Transfer learning [17], as the name suggests, involves migrating trained model parameters to new models to help train new models. Because most of the data correlates with the task, the model parameters are learned through the transfer of learning to share with the new model and speed up and optimize the learning efficiency of the model rather than learning from zero similar to most network learning. The SSD model is a type of deep learning model, and deep learning models have a strong demand for training data [18]. In the case of a small dataset, model performance can drop dramatically. To solve this problem, the learning weight is migrated to the lightweight SSD model from the pretrained model (for example, VGG-16 [19]) and fine-tuning the dataset from the truck perspective training dataset.

In this paper, a lightweight SSD model based on atrous convolution is proposed to realize object recognition from the perspective of the truck. The identification of small objects is enhanced while minimizing the volume of the model. On this basis, the objectness prior method is added to realize the visualization of the large truck hazard warning system. In the training process of the model, it is helpful to improve the training speed and precision of the model by adopting the “objectiveness” of the original model.

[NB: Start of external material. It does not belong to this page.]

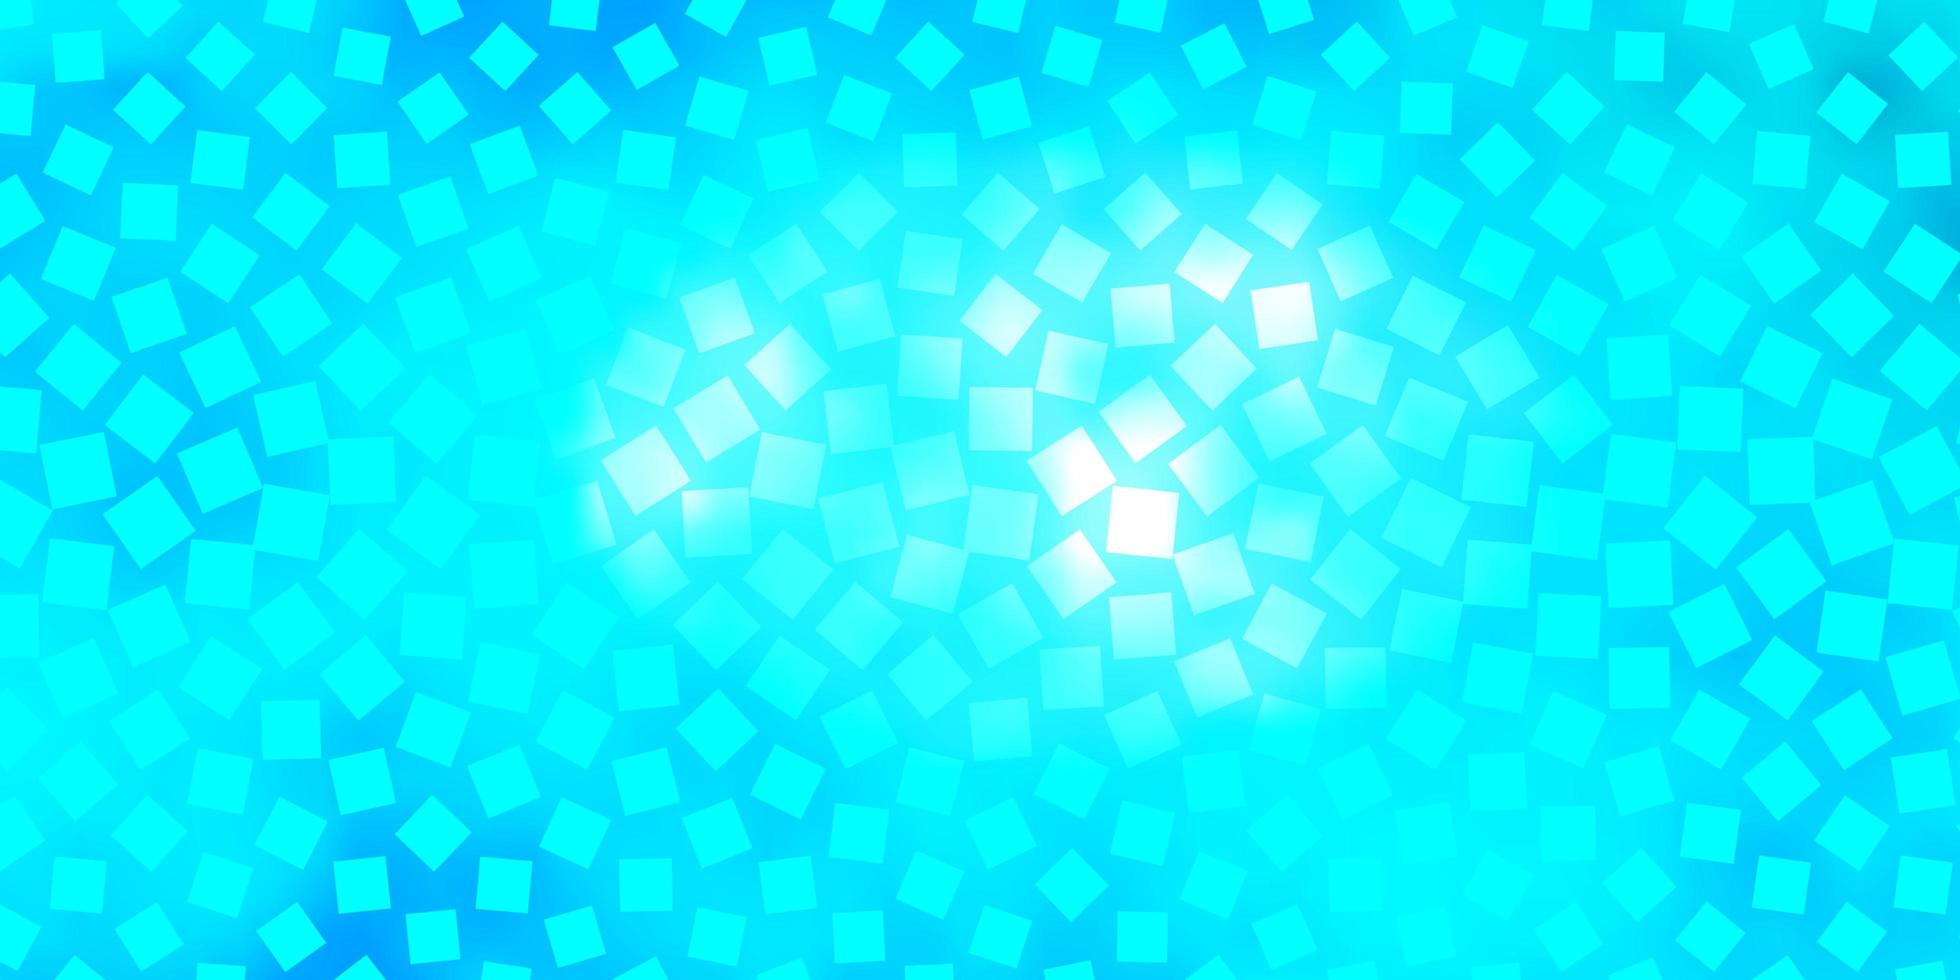 plantilla de vector azul claro en rectángulos
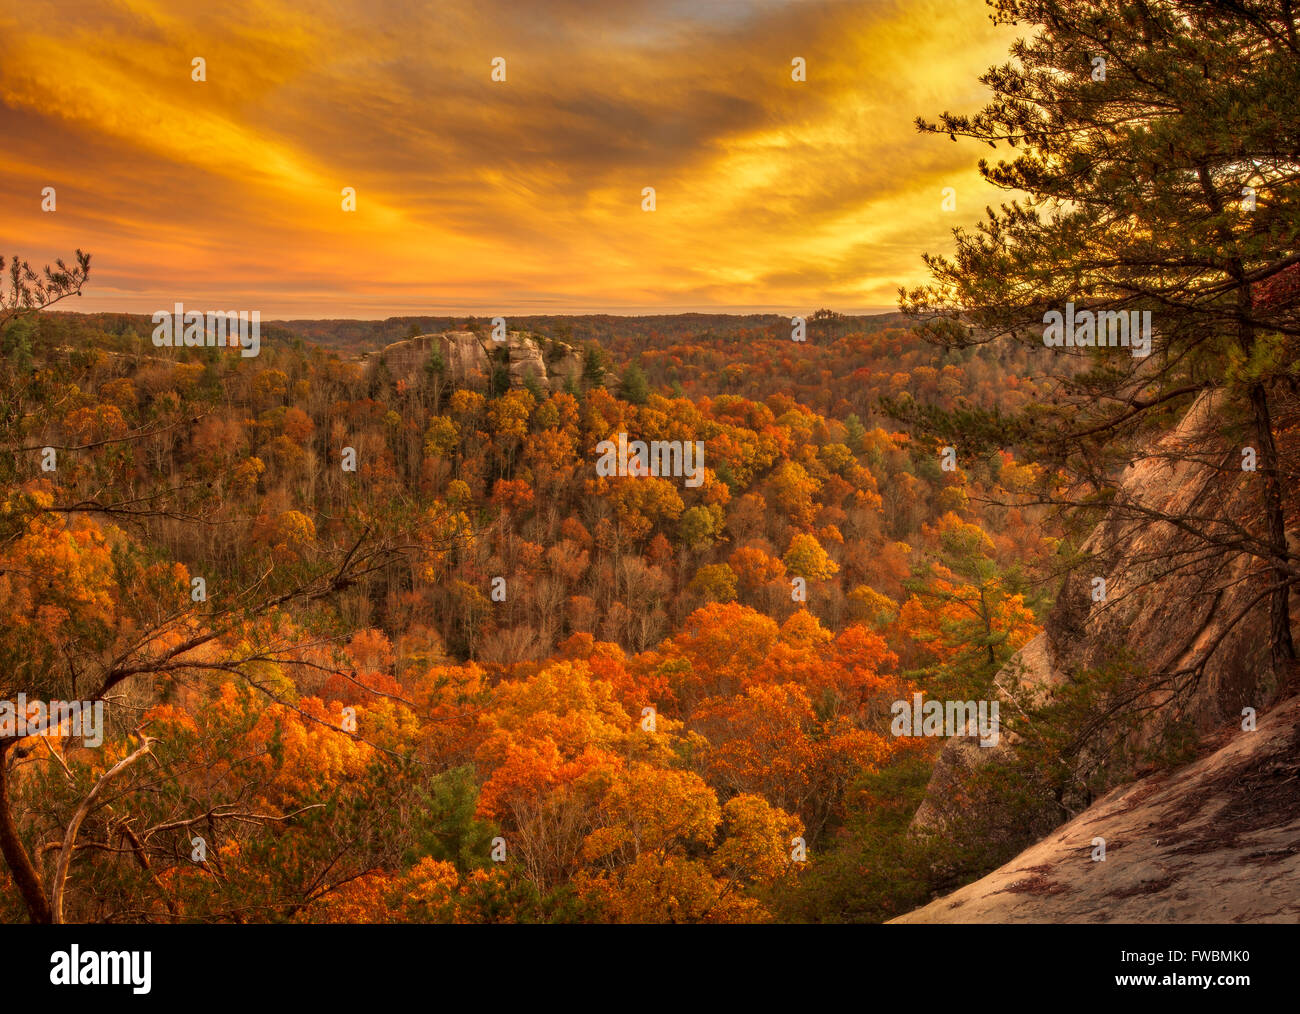 Il cielo e la foresta rispecchiano le altre con le esplosioni di vivaci colori gialli e le arance in un nitido serata autunnale in Kentucky. Foto Stock

2. Data Collection and Labeling

The dataset in this paper is from the PASCAL VOC 2012 dataset, KITTI dataset, and more than 10,000 images taken from the truck’s perspective. PASCAL VOC is a standard dataset for visual object classification and detection [20]. It provides a collection of 20 categories (pedestrians, vehicles, animals, etc.). The KITTI dataset [21] is the largest computer vision algorithm evaluation dataset in the world. It contains real image data collected from scenes such as urban, rural and motorway, with up to 15 cars and 30 pedestrians in each image, as well as varying degrees of occlusion. The collected images are RGB images (RGB is the color of red, green, and blue channels), the resolution is 1920  1080 pixels, and the set contains the objects to be identified: pedestrians and various vehicles.

First, PASCAL VOC data is set aside from categories such as person and car. The TFRecord file required to train the TensorFlow framework [22] is generated together with the image file and the XML file. The object information document file of the KITTI data set is then converted into an XML file corresponding to the image. The TFRecord file is generated together with the image file and the XML file. Finally, the collected images are processed. Zooming in on the image: Zooming the picture to 711 × 400 pixels makes it easy to train the model. Mark the pictures: LabelImg software is an image annotation tool used to annotate target object category information and location information in the original image. The corresponding XML file is generated for each image to record the object classification information, object location information, and the remaining basic information of the image. Two diagonal coordinates (the upper left corner and the lower right corner) are located for the target. There are two types of labeling categories: person and car. For images with multiple objects, each target is marked individually. After the annotation is completed, an XML file with the same name will be generated. The TFRecord file is generated together with the image file and the XML file. Figure 1 shows the LabelImg software operation interface.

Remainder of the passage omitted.